Fine-tuning with jenga_ai SDK (multi-task)

# cpims_config.yaml
model:
  base_model: Rogendo/afribert-kenya-adapted
  max_seq_len: 128

tasks:
  - name: intent
    task_type: multi_class_classification
    num_labels: 63
    label_column: intent

  - name: urgency
    task_type: multi_class_classification
    num_labels: 3
    label_column: urgency

training:
  epochs: 5
  batch_size: 16
  learning_rate: 2.0e-5
  output_dir: results/cpims-v2
python -m jenga_ai train --config cpims_config.yaml

Usage

Single mask prediction

from transformers import AutoTokenizer, AutoModelForMaskedLM, pipeline

tokenizer = AutoTokenizer.from_pretrained("Rogendo/afribert-kenya-adapted")
model = AutoModelForMaskedLM.from_pretrained("Rogendo/afribert-kenya-adapted")

fill_mask = pipeline("fill-mask", model=model, tokenizer=tokenizer)

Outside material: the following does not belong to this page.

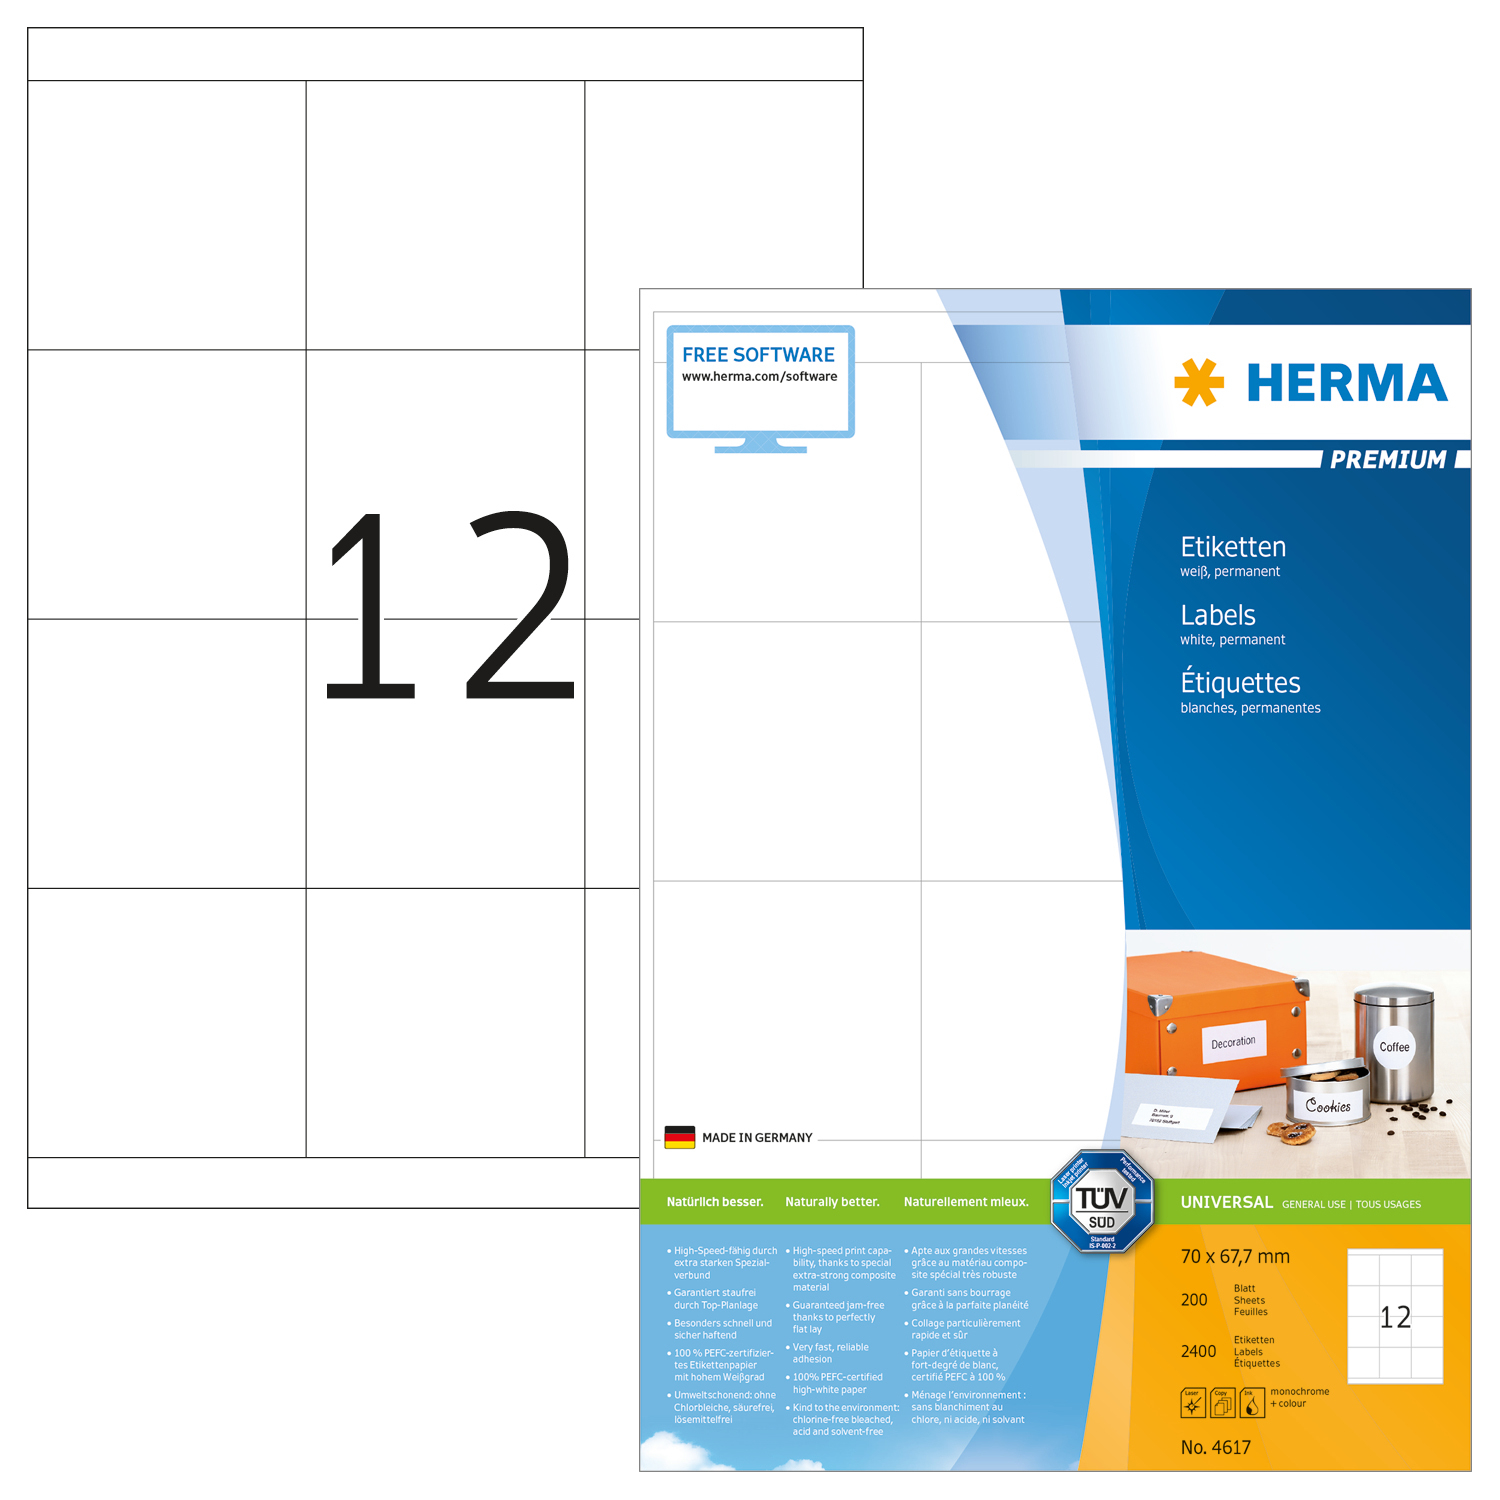 HERMA Etiquettes Premium 70×67,7mm 4617 blanc 2400 pcs.

# Real Sheng sentence β€” single mask
results = fill_mask(f"Oya, twendeni zetu, kuna {tokenizer.mask_token} flani ameniudhi. Uyo msee aliiba doh zangu most.")
for r in results:
    print(f"{r['token_str']:<20} {r['score']:.3f}")

Multiple masks (one position at a time)

from transformers import AutoTokenizer, AutoModelForMaskedLM, pipeline

tokenizer = AutoTokenizer.from_pretrained("Rogendo/afribert-kenya-adapted")
model = AutoModelForMaskedLM.from_pretrained("Rogendo/afribert-kenya-adapted")

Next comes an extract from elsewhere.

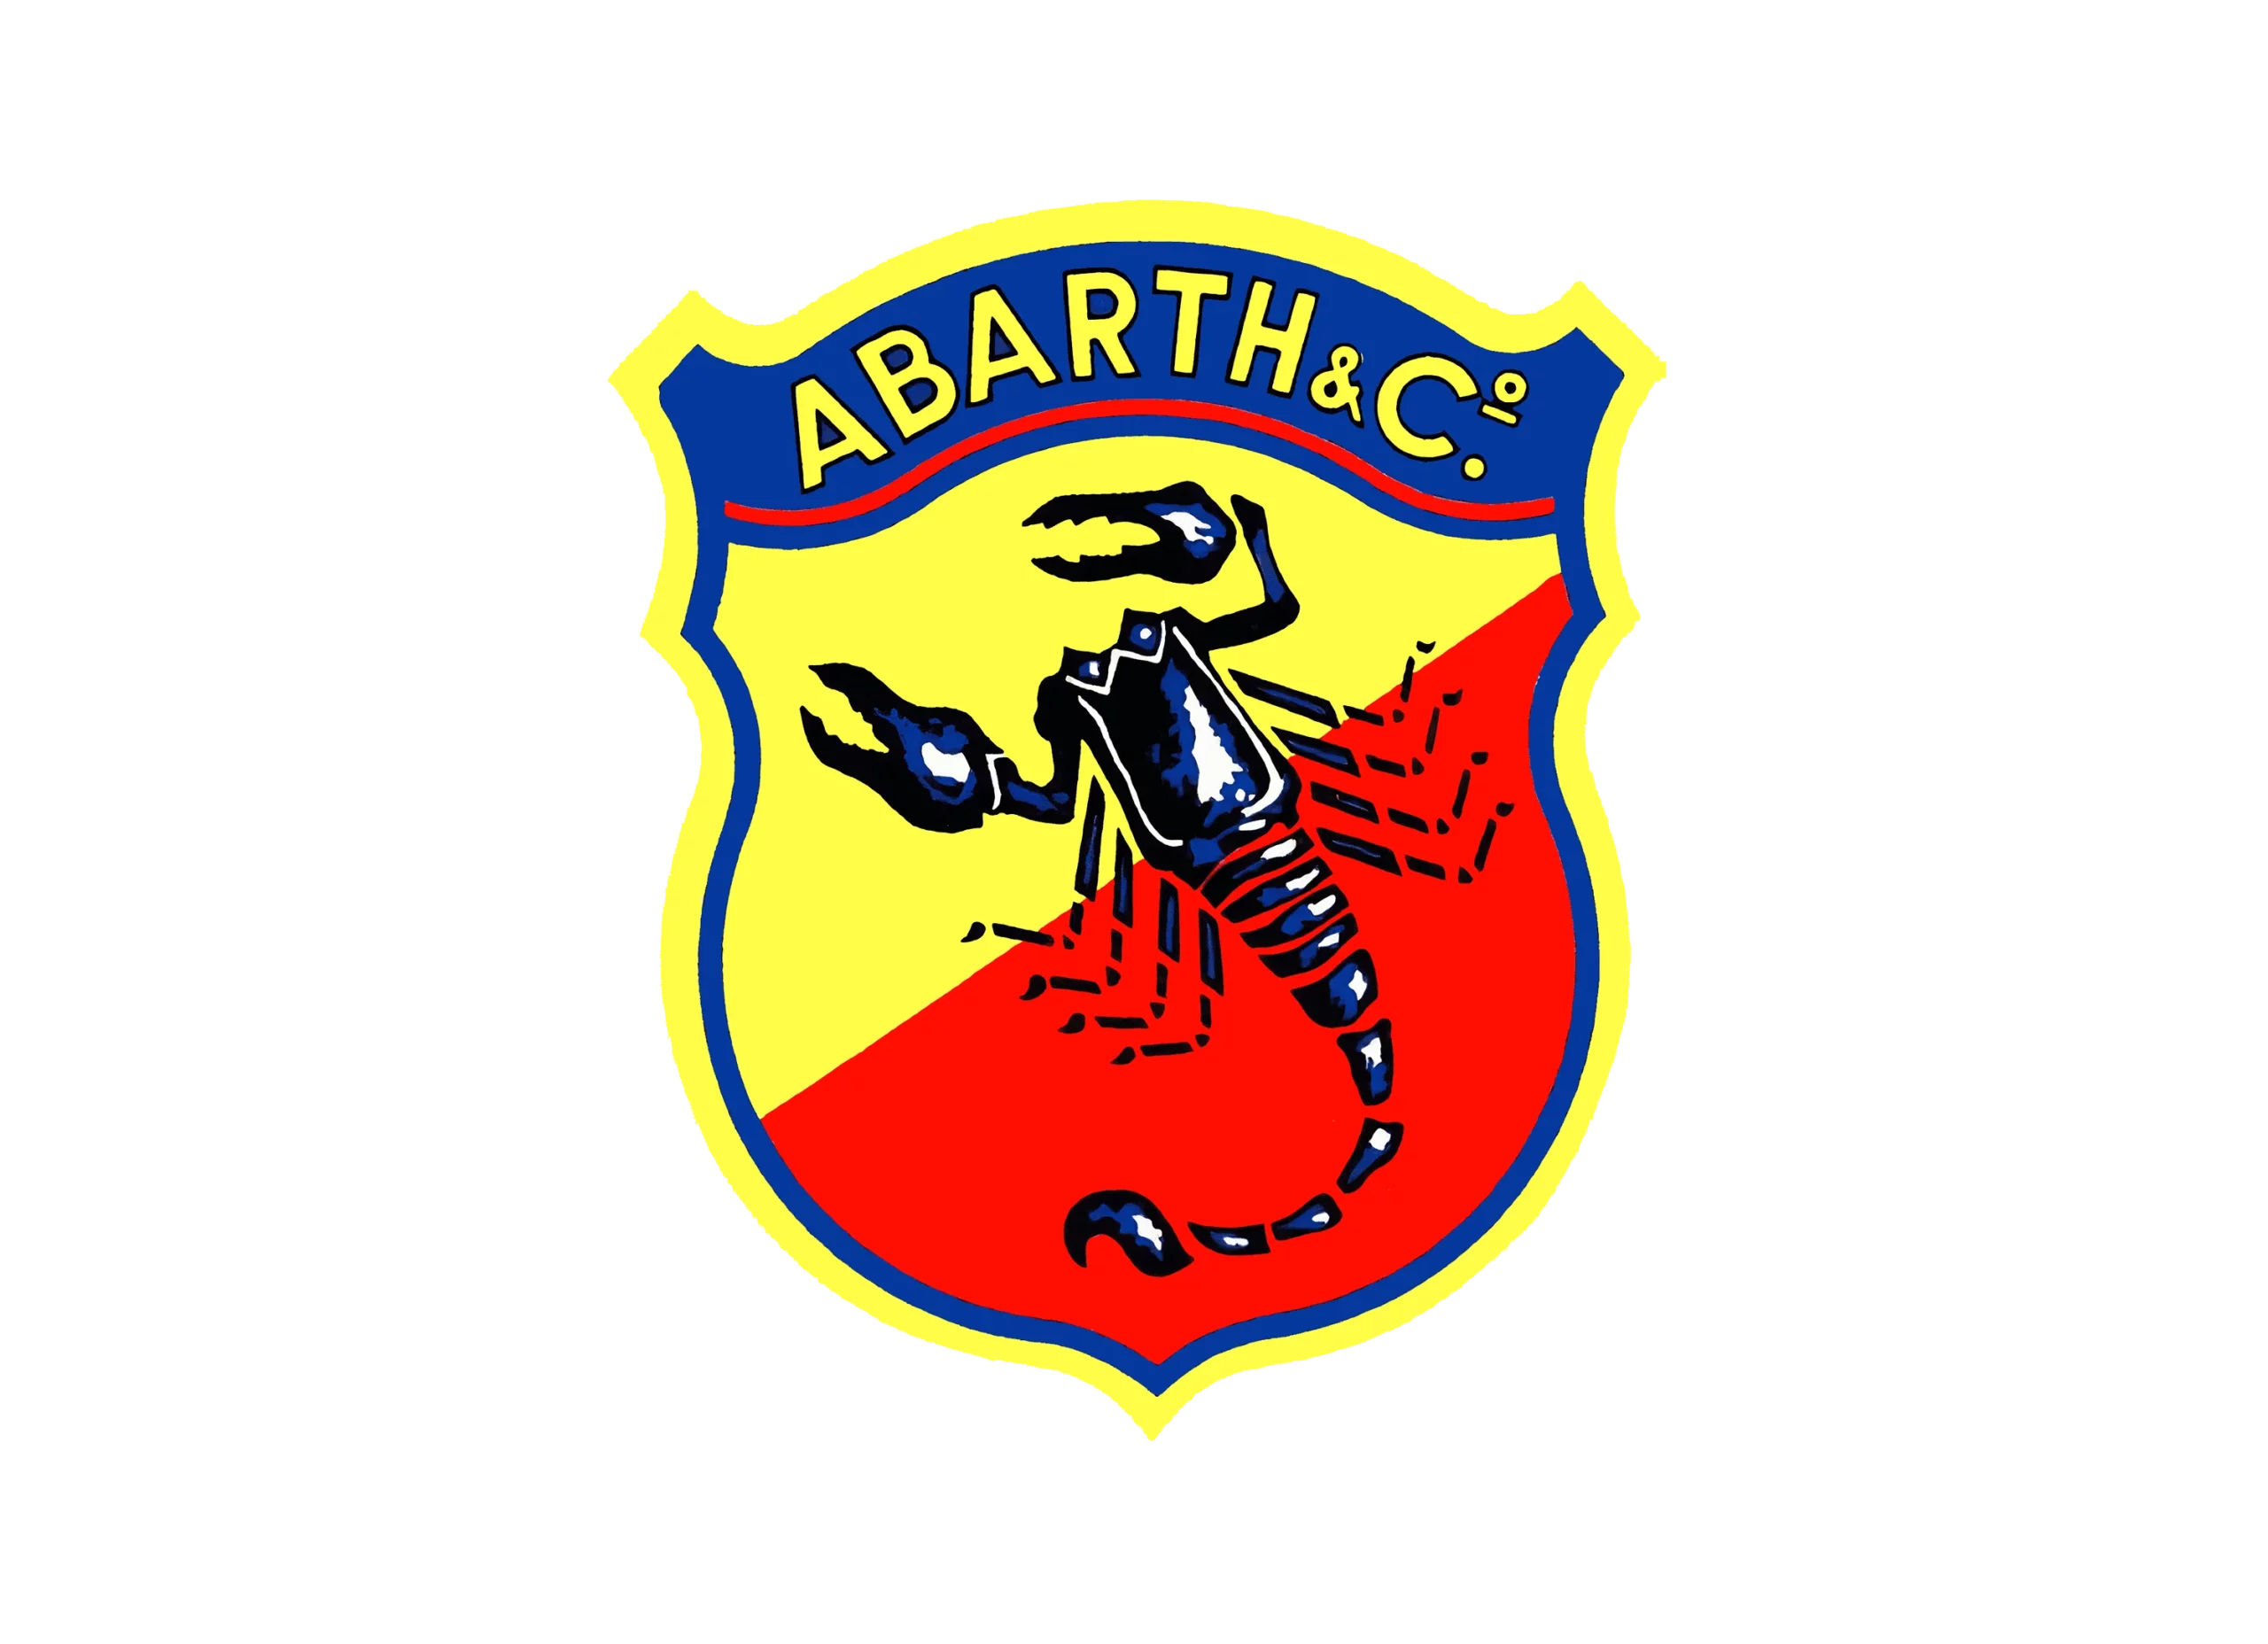 Abarth logo 1954-1961

fill_mask = pipeline("fill-mask", model=model, tokenizer=tokenizer)

# Multiple [MASK] tokens β€” pipeline returns a list of lists, one per mask position
results = fill_mask(
    f"Oya, twendeni zetu, kuna {tokenizer.mask_token} flani ameniudhi. "
    f"Uyo msee ameniibia {tokenizer.mask_token} zangu mingi sana nikimpata "
    f"{tokenizer.mask_token} sana, hadi atawacha kunibeba ufala."
)

for mask_predictions in results:
    print("--- New Mask ---")
    for r in mask_predictions:
        print(f"{r['token_str']:<20} {r['score']:.3f}")

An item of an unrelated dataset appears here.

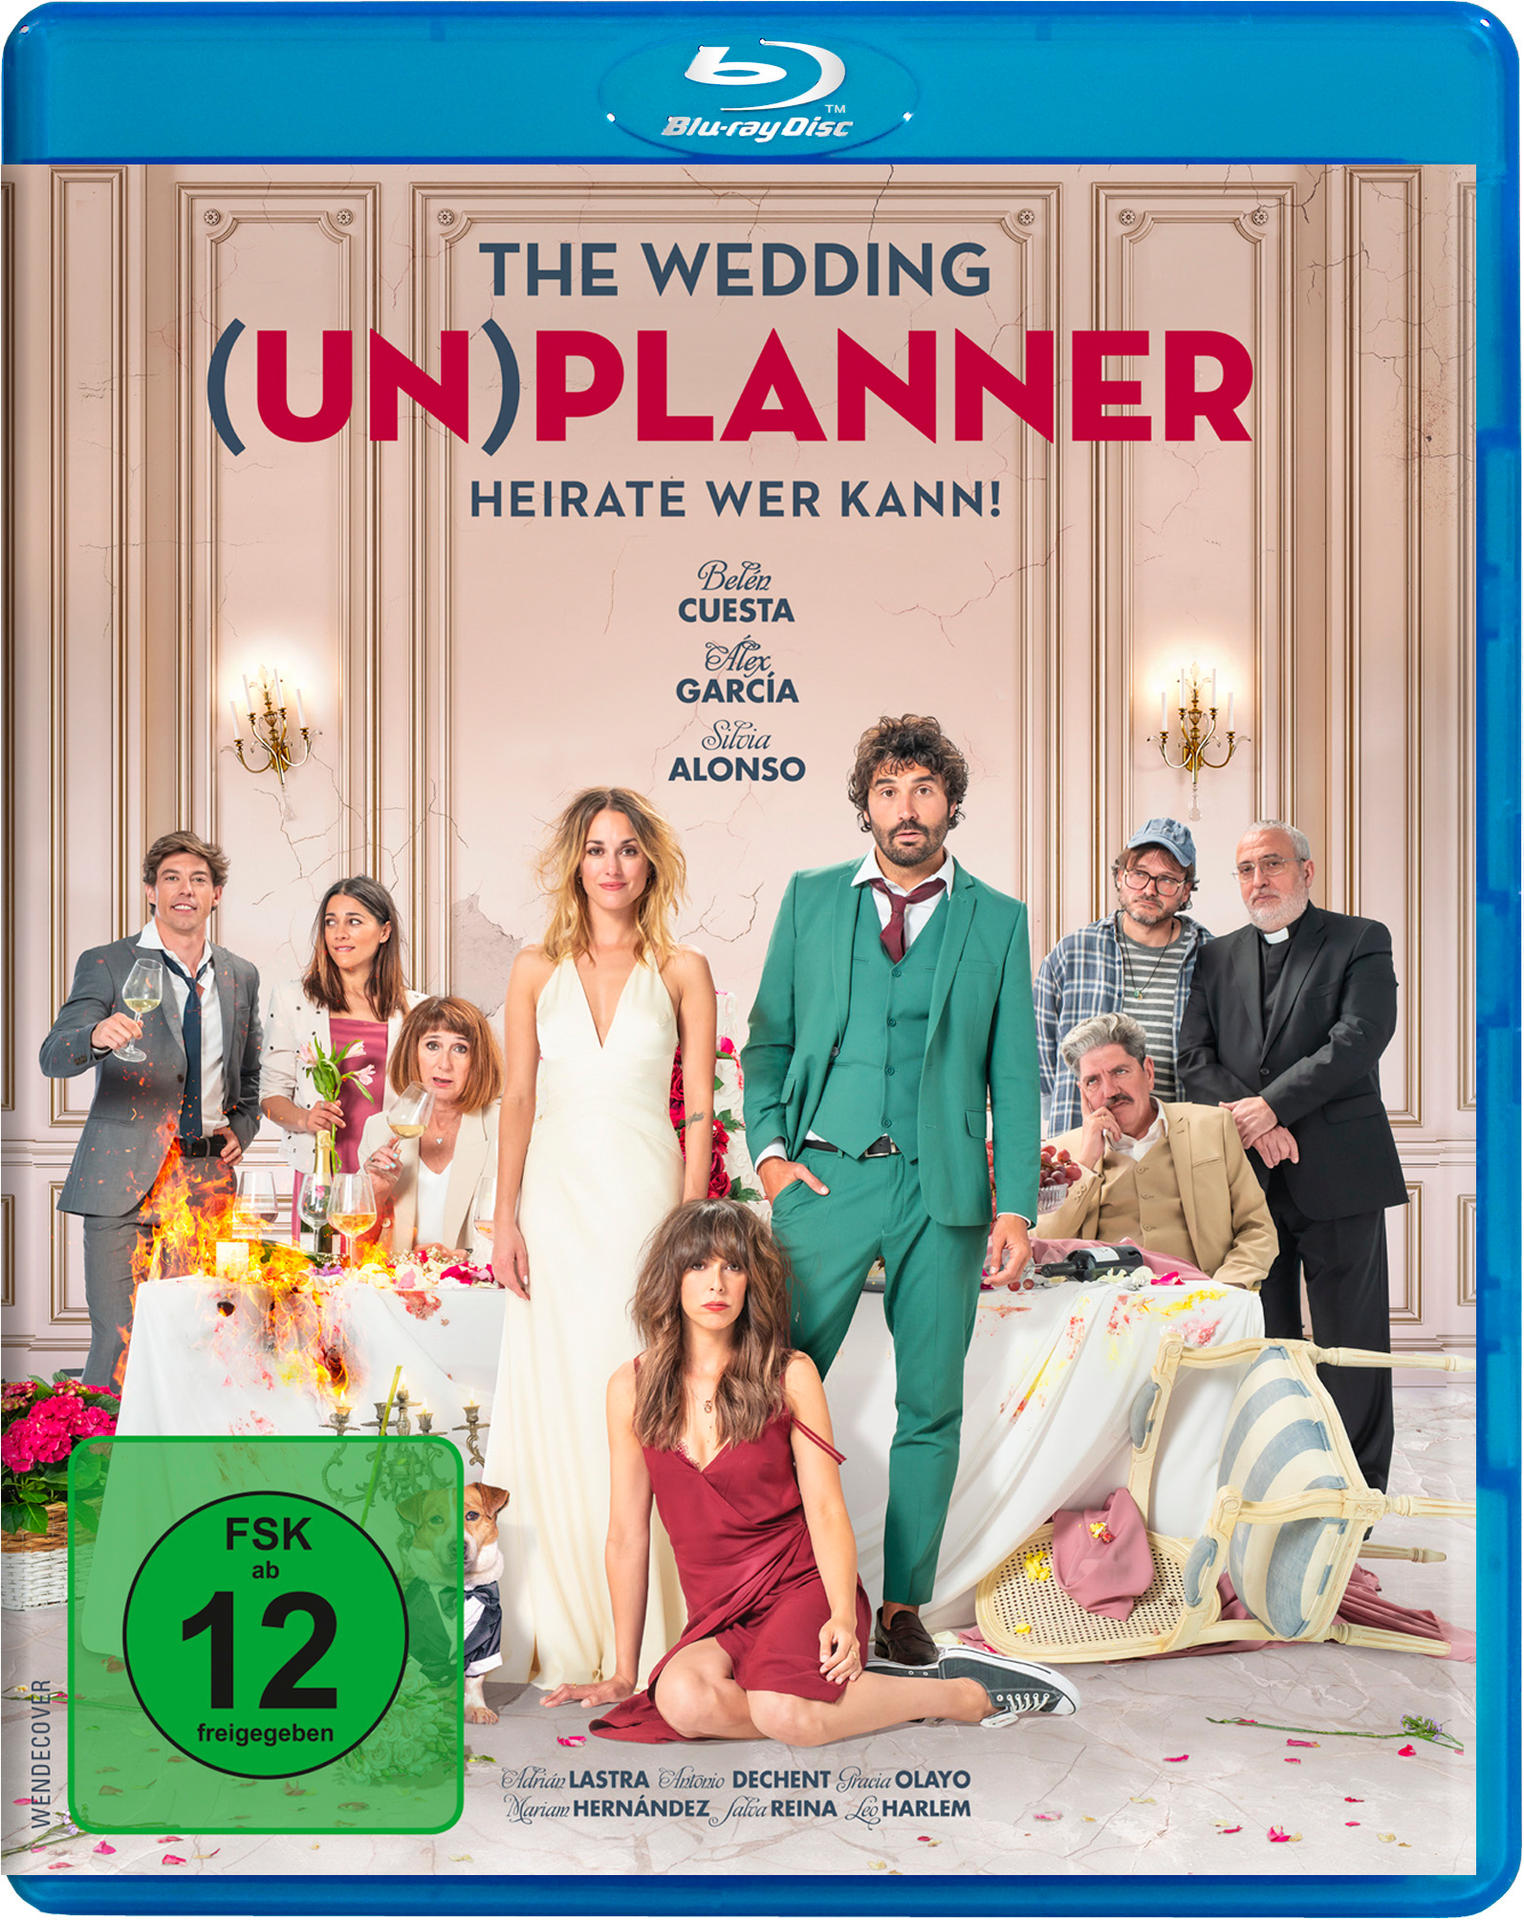 WER THE KANN! WEDDING Blu-ray (UN)PLANNER-HEIRATE

As a base model for fine-tuning (jenga_ai SDK)

# experiment_config.yaml
model:
  base_model: Rogendo/afribert-kenya-adapted
  max_seq_len: 128

tasks:
  - name: intent
    task_type: multi_class_classification
    num_labels: 63
  - name: urgency
    task_type: multi_class_classification
    num_labels: 3

Limitations

  • Not suitable for formal Standard Swahili tasks alone β€” the up-sampling of Sheng and code-switched text slightly shifts the model away from pure encyclopedic Swahili. Use castorini/afriberta_large directly for tasks that only involve formal Swahili prose.
  • Sheng is not standardised β€” spelling varies by writer; the model reflects the patterns in the training WhatsApp data which may not generalise to all Sheng dialects (Mombasa Sheng differs from Nairobi Sheng).
  • Small WhatsApp corpus β€” source 4 (real CPIMS field chat) is only ~30K tokens before repetition. Up-sampling compensates but does not replace volume.
  • Private model β€” the model is currently private on HuggingFace Hub. Access requires a token with read permission on the Rogendo organisation.

Citation

If you use this model, please cite the base model:

@inproceedings{ogueji-etal-2021-small,
  title     = {Small Data? No Problem! Exploring the Viability of Pretrained Multilingual Language Models for Low-resourced Languages},
  author    = {Ogueji, Kelechi and Zhu, Yuxin and Lin, Jimmy},
  booktitle = {Proceedings of the 1st Workshop on Multilingual Representation Learning},
  year      = {2021},
}

Author

Rogendo β€” built as part of the JengaAI CPIMS NLP pipeline for Kenyan child-protection support systems.